*TASK OBJECTIVE*: Without the pictures, write the listing out again exactly as it appears.

*SUPPLIED DATA*:
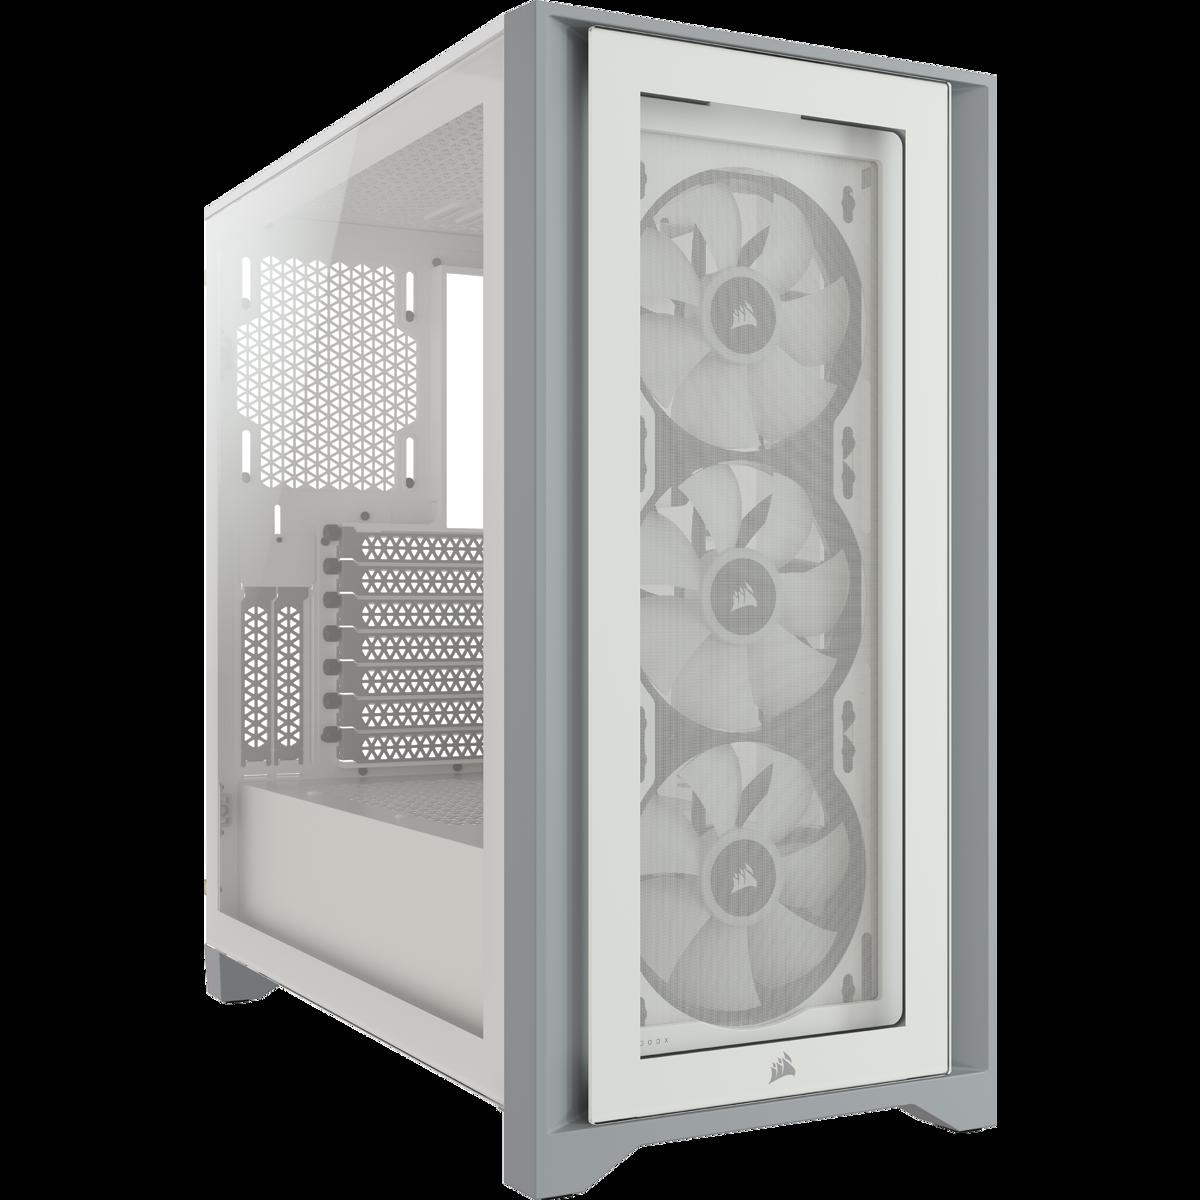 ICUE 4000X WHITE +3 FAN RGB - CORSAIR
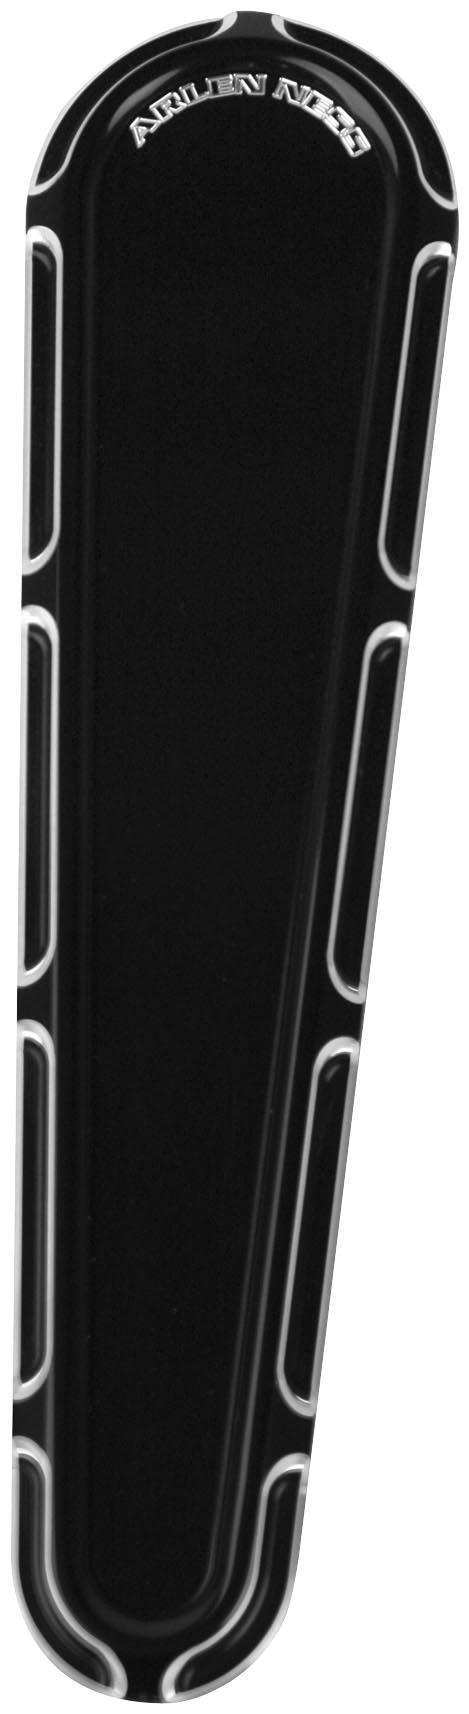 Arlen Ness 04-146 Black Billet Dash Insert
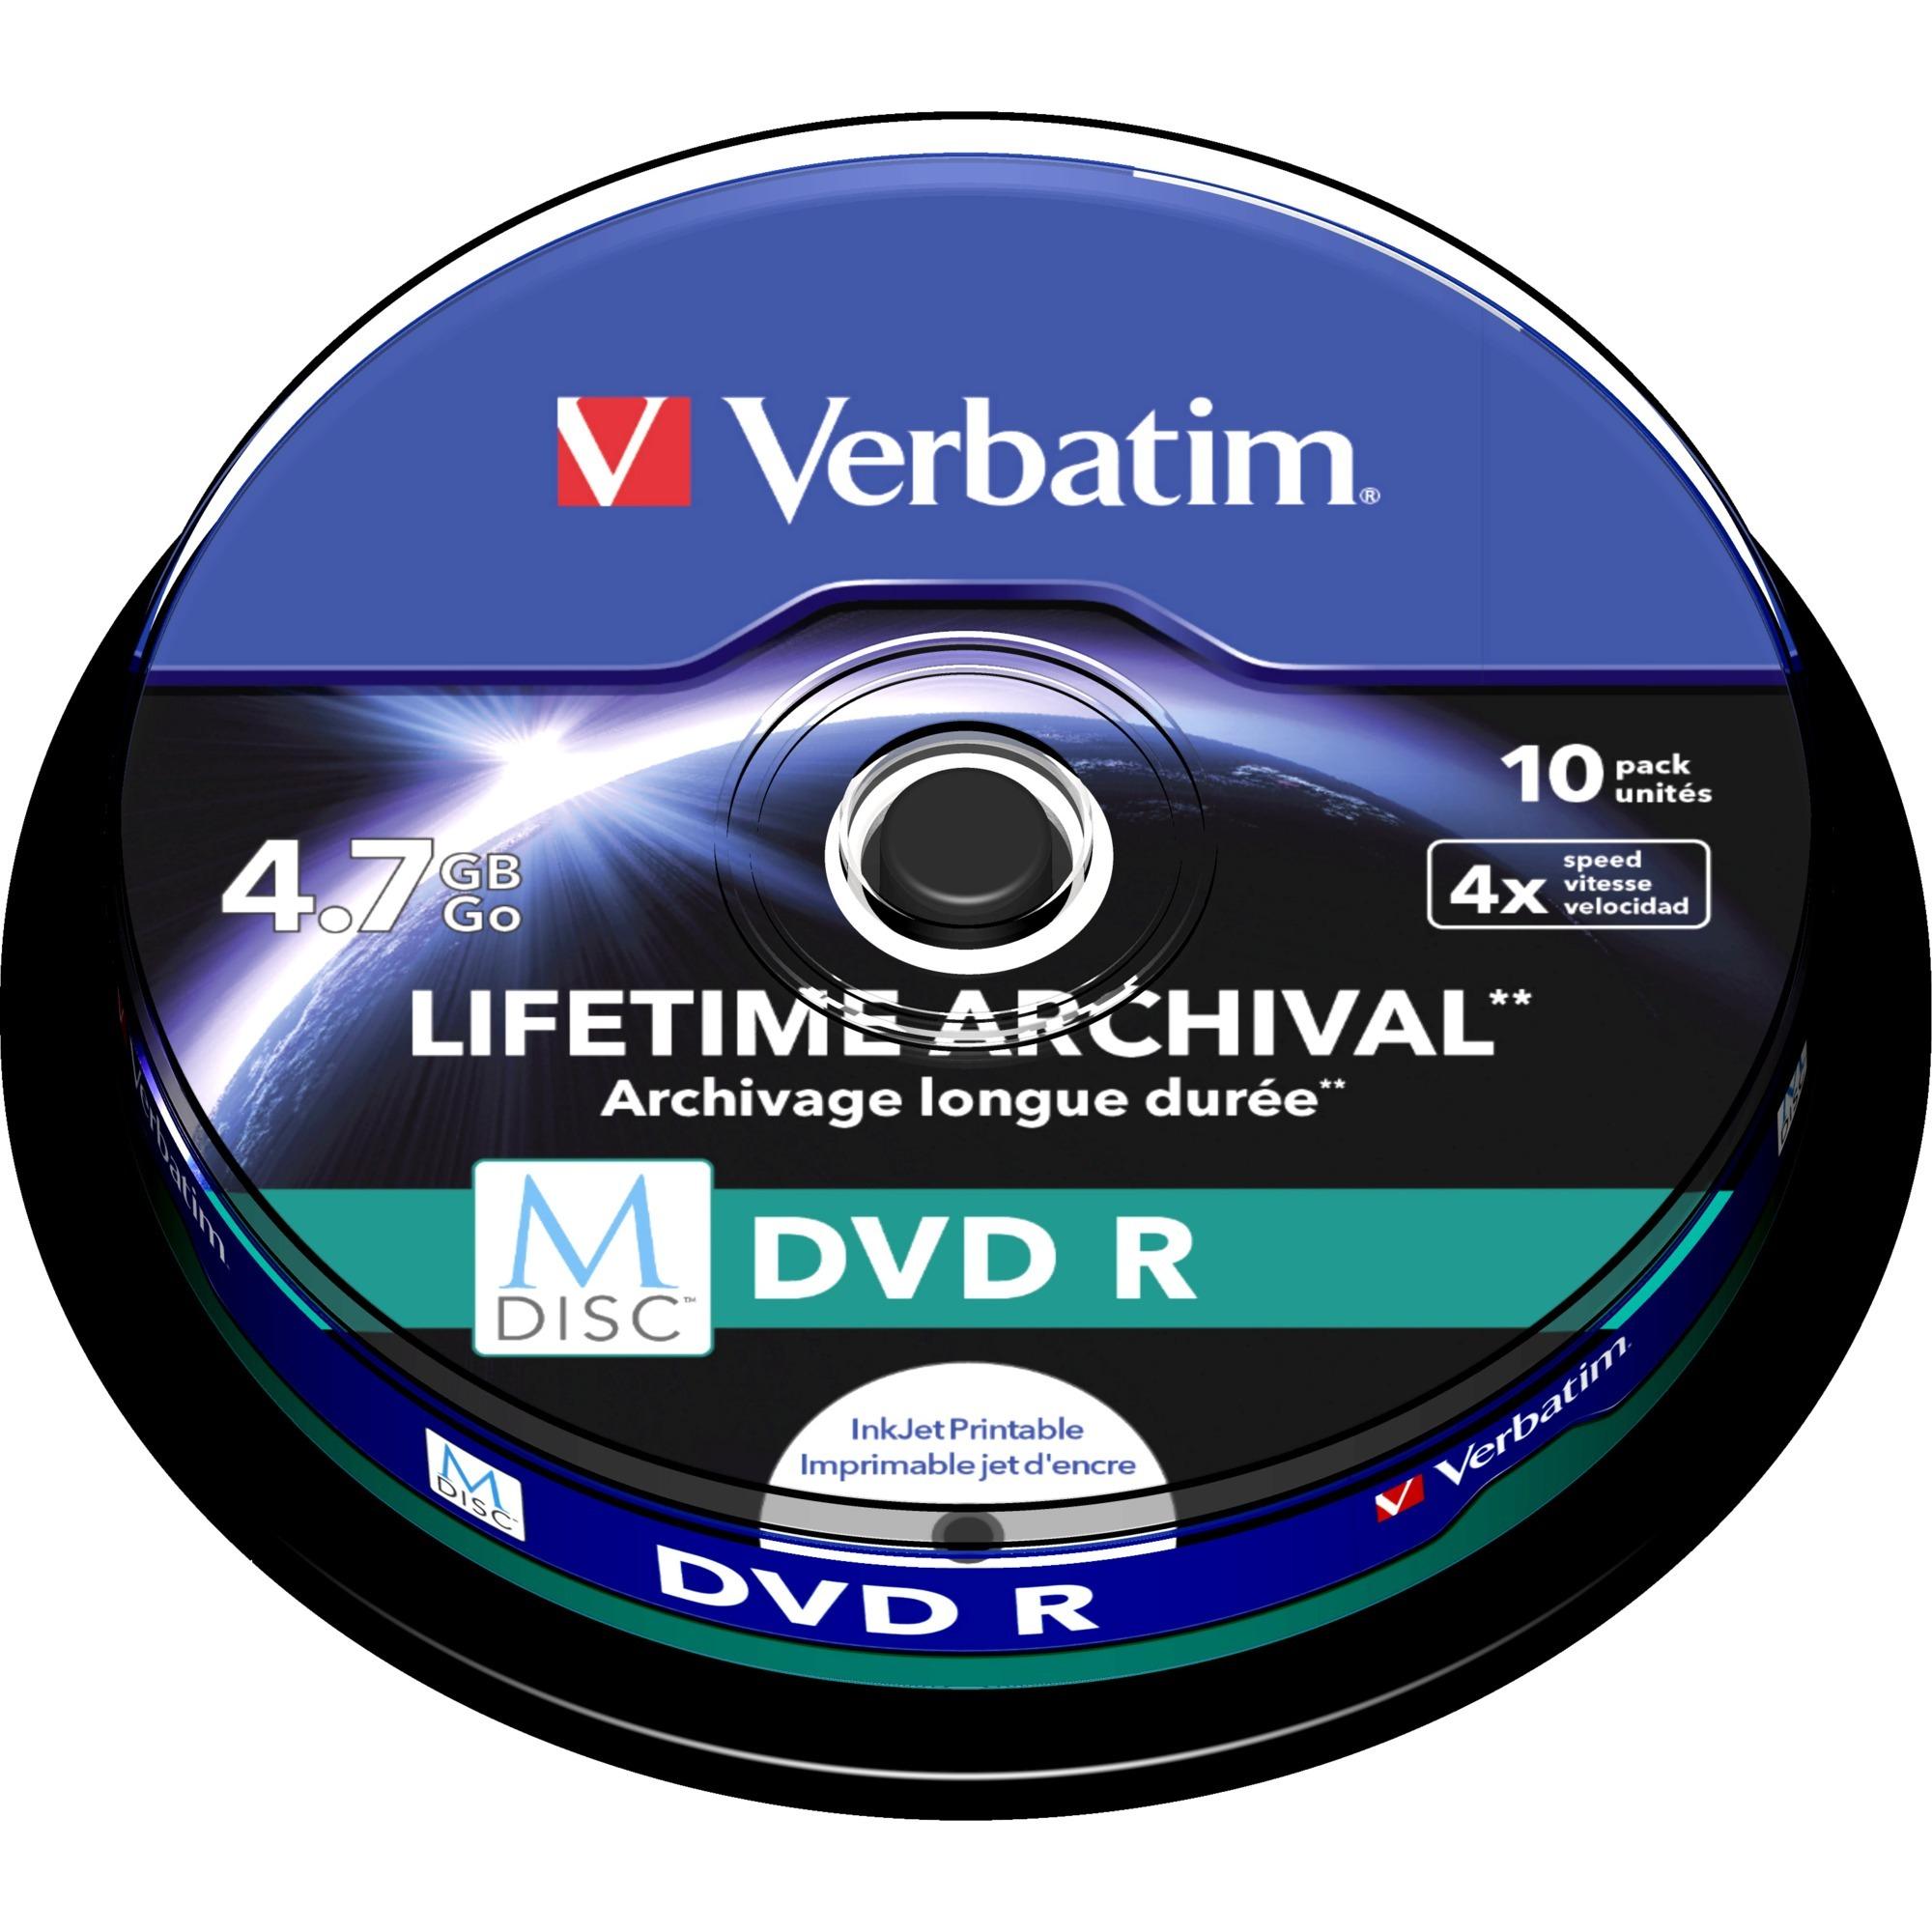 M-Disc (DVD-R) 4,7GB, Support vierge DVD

*WRITTEN ANSWER*:
 ICUE 4000X WHITE +3 FAN RGB - CORSAIR
 Arlen Ness 04-146 Black Billet Dash Insert
 M-Disc (DVD-R) 4,7GB, Support vierge DVD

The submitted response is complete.